Tue, Nov 07, 2006 - Page 8 News List

Editorial: Should he stay or should he go now?

Sunday saw President Chen Shui-bian (陳水扁) respond to the decision by prosecutors to indict first lady Wu Shu-jen (吳淑珍) and three of his aides on charges of corruption and forgery in connection with their handling of the "state affairs fund." But his response was not the detailed explanation that most people had been waiting for and is therefore unlikely to alter many opinions.

Only the president and the first lady know whether they are innocent of the charges, but unless they reveal concrete evidence supporting the use of the "state affairs fund," then doubt will remain in the minds of even the most ardent pan-green supporters.

According to Chen, however, exposing the details of the fund's expenditure would endanger the life of Taiwanese agents and that is the reason he remains unwilling to say any more.

While Sunday's speech may have helped pan-green supporters understand the difficult position that Chen says he is in, it is clear that whatever he said would never be enough to placate his political foes.
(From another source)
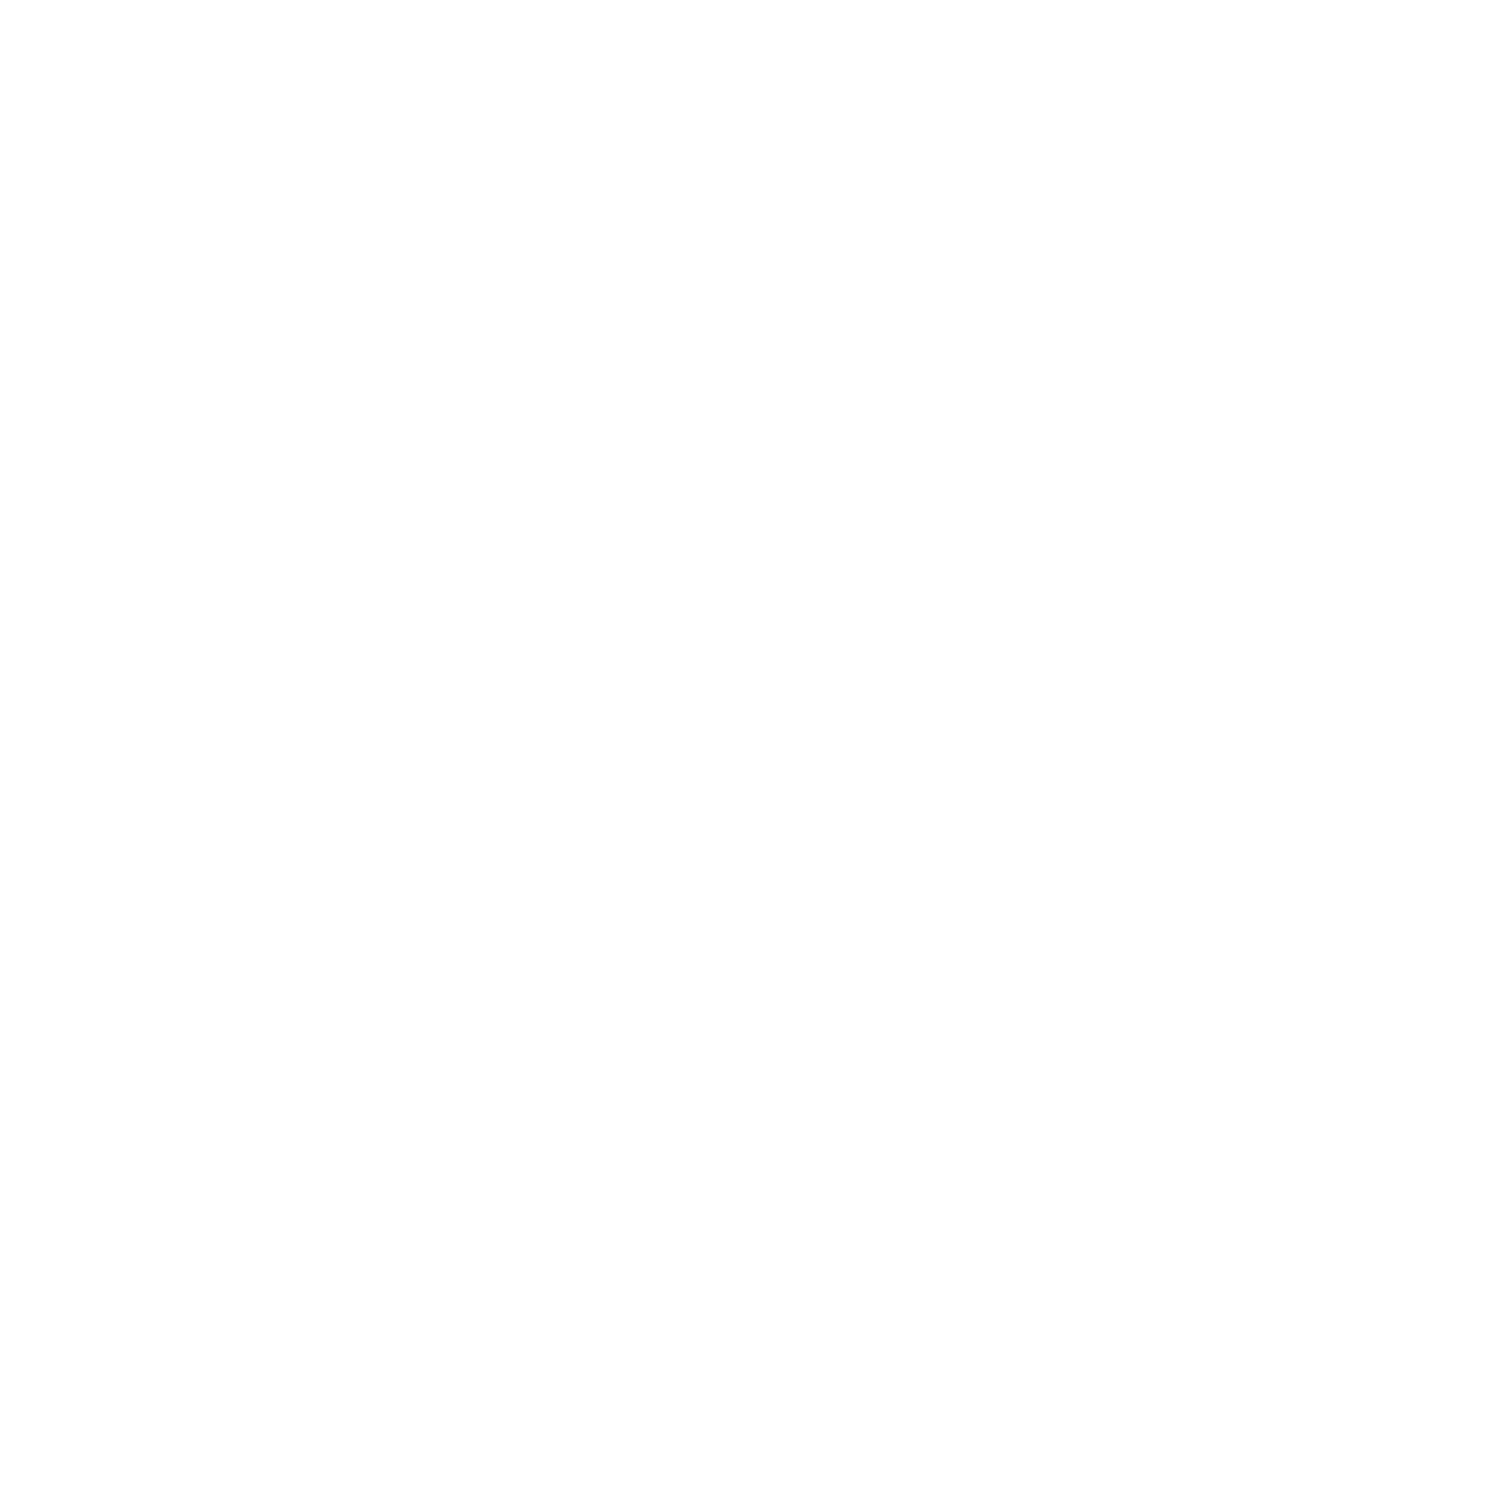 regiolekstroom-01-01

There are sections of the opposition that have been determined to oust Chen since day one of his presidency and now they have their best opportunity.

The current split in the pan-blue/red camp over the Taipei mayoral campaign and Taipei Mayor Ma Ying-jeou's (馬英九) decision to start upholding the law and prevent illegal demonstrations may mean Chen will escape any further "sieges" and mass showings of public discontent. But now that charges have been filed against his wife, his fate has been taken out of his hands.

If the opposition decides to initiate its third recall motion, this will present the biggest immediate threat to Chen. Even though the Democratic Progressive Party (DPP) seems determined to stick with him, if the Taiwan Solidarity Union and just 12 DPP lawmakers decide to break ranks and side with the opposition, this would spell the end of his presidency.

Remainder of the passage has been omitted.